# Windows XP Professional 64-bit For Free



## mimo2005

Microsoft nears release of 64-bit Windows
Published: December 7, 2004, 10:51 AM PST
By Ina Fried 



For some time, Microsoft has been promising to deliver 64-bit versions of Windows to support AMD's Opteron and Athlon 64 processors, but final releases of the server and desktop operating systems were delayed until next year. The same version of Windows will also accommodate chips from Intel that support 64-bit extensions to the longstanding x86 architecture. 

Microsoft said it hopes the new versions of Windows will help make 64-bit computing a mainstream activity by next year. 

"There's a need for a mainstream 64-bit solution that is fast to deploy and easy to grow into," senior product manager John Borozan said in a statement. "Volume deployment of x64 will spur new opportunities for innovation that were previously limited by 32-bit barriers." 

The biggest advantage of 64-bit computing today is the ability to directly access more than 4GB of physical memory. 

*Those who own a 32-bit version of Windows XP Professional or Windows Server 2003 will be able to exchange it for a license for the 64-bit edition, Microsoft has said. * 

Microsoft already has separate versions of Windows that support Intel's 64-bit Itanium processor, which has a completely distinct instruction set from the Opteron and the Athlon 64. 

The release candidate for Windows Server 2003 SP1 is now available from Microsoft's site. The code for the 64-bit Windows versions is available now for those who take part in Microsoft's technical beta, or test, program. Within 30 days, Microsoft said, it will make the release candidate of those versions part of its Customer Preview Program. 

The Windows Server update adds a number of the security enhancements Microsoft added to Windows XP with Service Pack 2. New features for Windows Server include an enhanced firewall, support for "no execute" hardware from AMD and Intel, and a new Security Configuration Wizard that blocks ports and services not being used by a particular server.


----------



## batty_professor

As a former microsoft user, I'm a little suspicious when Uncle Bill offers something for free. ( Weren't there a few "free" versions of Windows 95 to get the public hooked? ). But it does seem like a nice gesture of him.


----------



## dai

98se was a free upgrade you just had to pay the postage


----------



## Detah

Am I the only one who remembers when Win98 first came out? Win95 was ~450 MB for a full install (this still included lots of junk but...). Win98SE was around 1.4 GB, with no real new features! Am I the only one who noticed this? So what was/is the extra 1 GB of data? I'll tell you, loads and loads of AOL, CompuServe and Prodigy ads, banners, shortcuts to websites, AIM messenger whether you installed it or not was sitting there, etc etc etc....literally 1 GB of junk that has nothing to do with your Operating System's core function. Jeepers, the etcetera is really an annoying bunch of files, man! I still spend about 30 min with the Delete key after every reformat because of this junk. 

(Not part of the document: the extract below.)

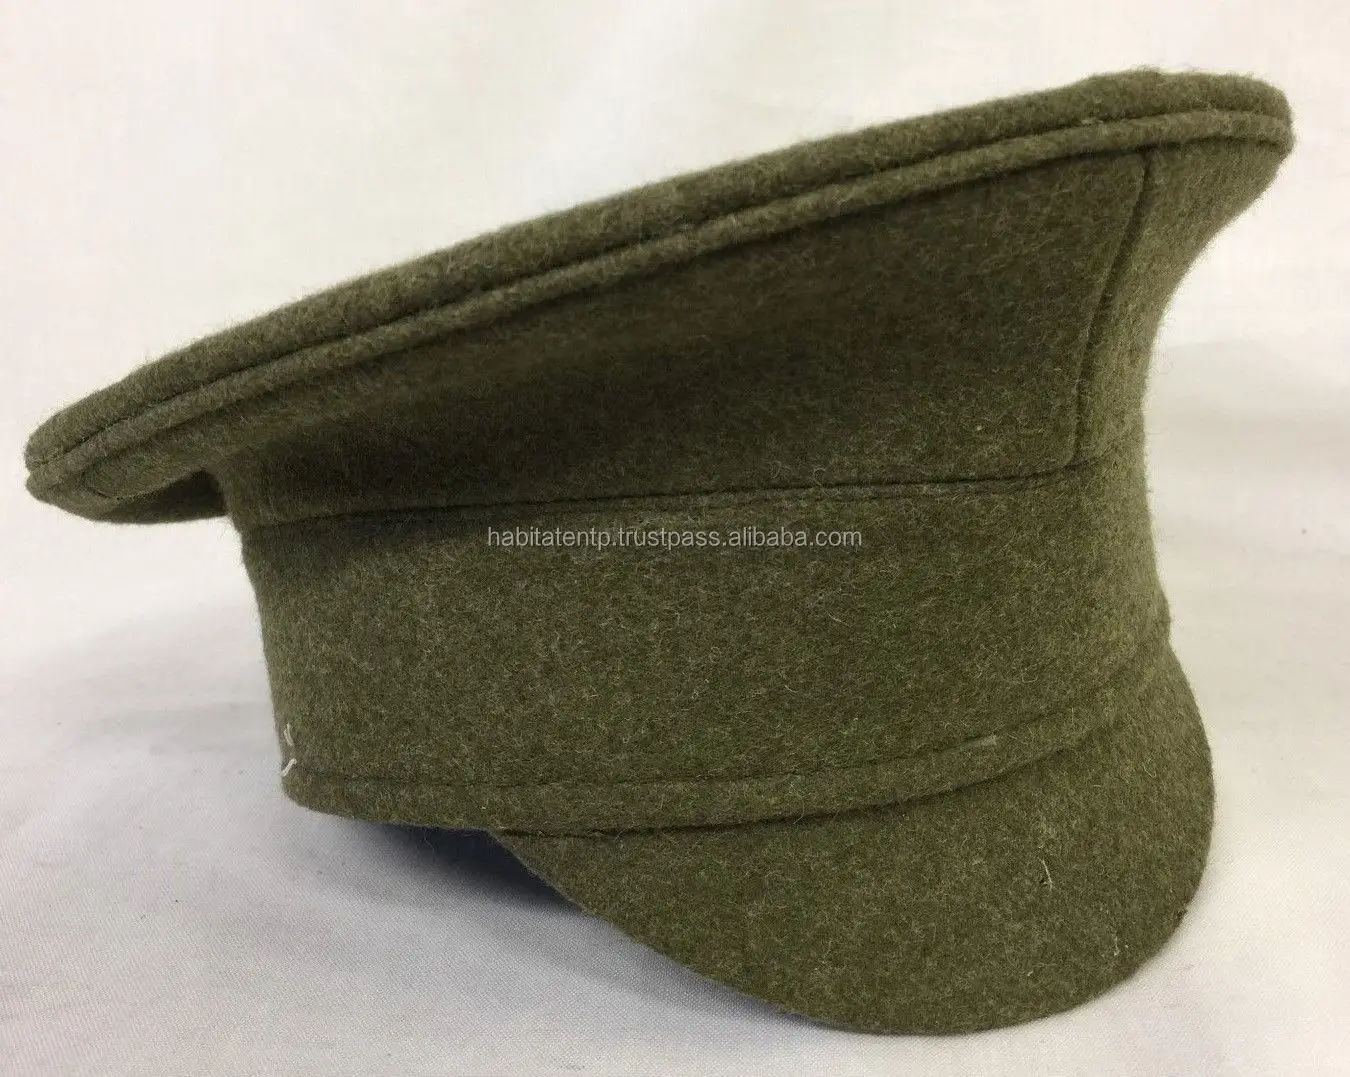 Reproduction Khaki Dress Peaked Service British Military Cap 1945 Great ...

Disclaimer. I love my Win98SE, but geesh, do we really need this much advertisement. Did I pay for the Operating System or did I really actually pay them for the privelege of spending an extra 15 min of file-copying during an install and 30 min of deciphering (ie locating and deleting their files) for their commercials!? 

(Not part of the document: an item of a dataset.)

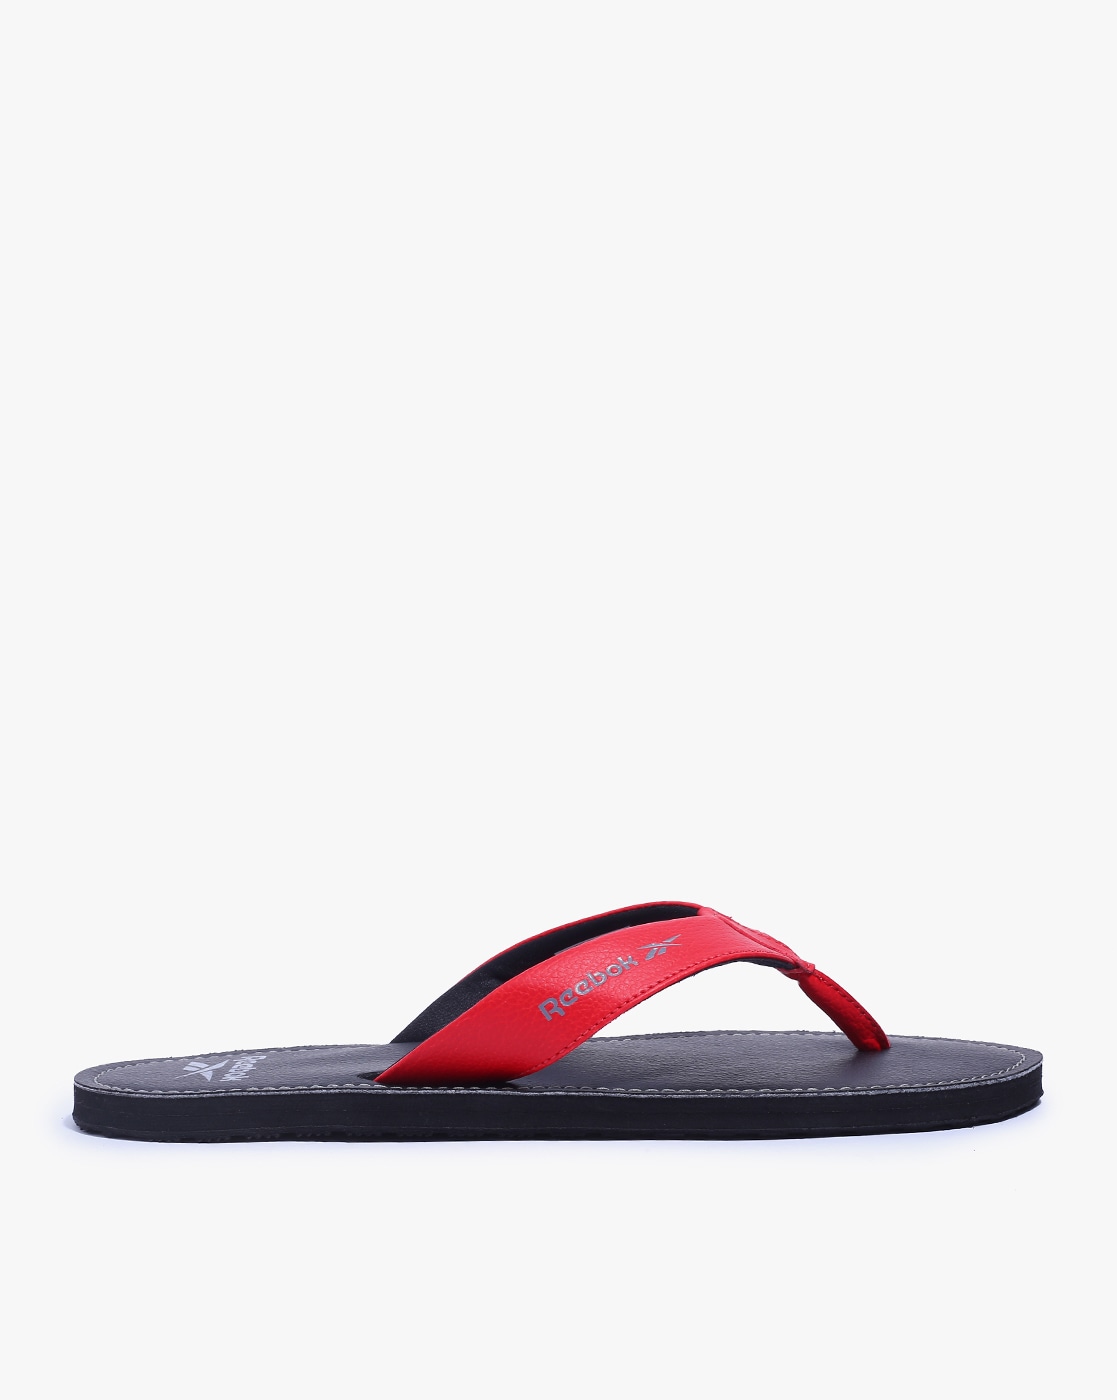 black and red flip flops

...maybe this should go in the Vent and Rage section of the forum. Sorry but this is a real peave of mine.


----------



## batty_professor

Detah said:


> Am I the only one who remembers when Win98 first came out? Win95 was ~450 MB for a full install (this still included lots of junk but...). Win98SE was around 1.4 GB, with no real new features! Am I the only one who noticed this? So what was/is the extra 1 GB of data? I'll tell you, loads and loads of AOL, CompuServe and Prodigy ads, banners, shortcuts to websites, AIM messenger whether you installed it or not was sitting there, etc etc etc....literally 1 GB of junk that has nothing to do with your Operating System's core function. Jeepers, the etcetera is really an annoying bunch of files, man! I still spend about 30 min with the Delete key after every reformat because of this junk.
> 
> Disclaimer. I love my Win98SE, but geesh, do we really need this much advertisement. Did I pay for the Operating System or did I really actually pay them for the privelege of spending an extra 15 min of file-copying during an install and 30 min of deciphering (ie locating and deleting their files) for their commercials!?
> 
> ...maybe this should go in the Vent and Rage section of the forum. Sorry but this is a real peave of mine.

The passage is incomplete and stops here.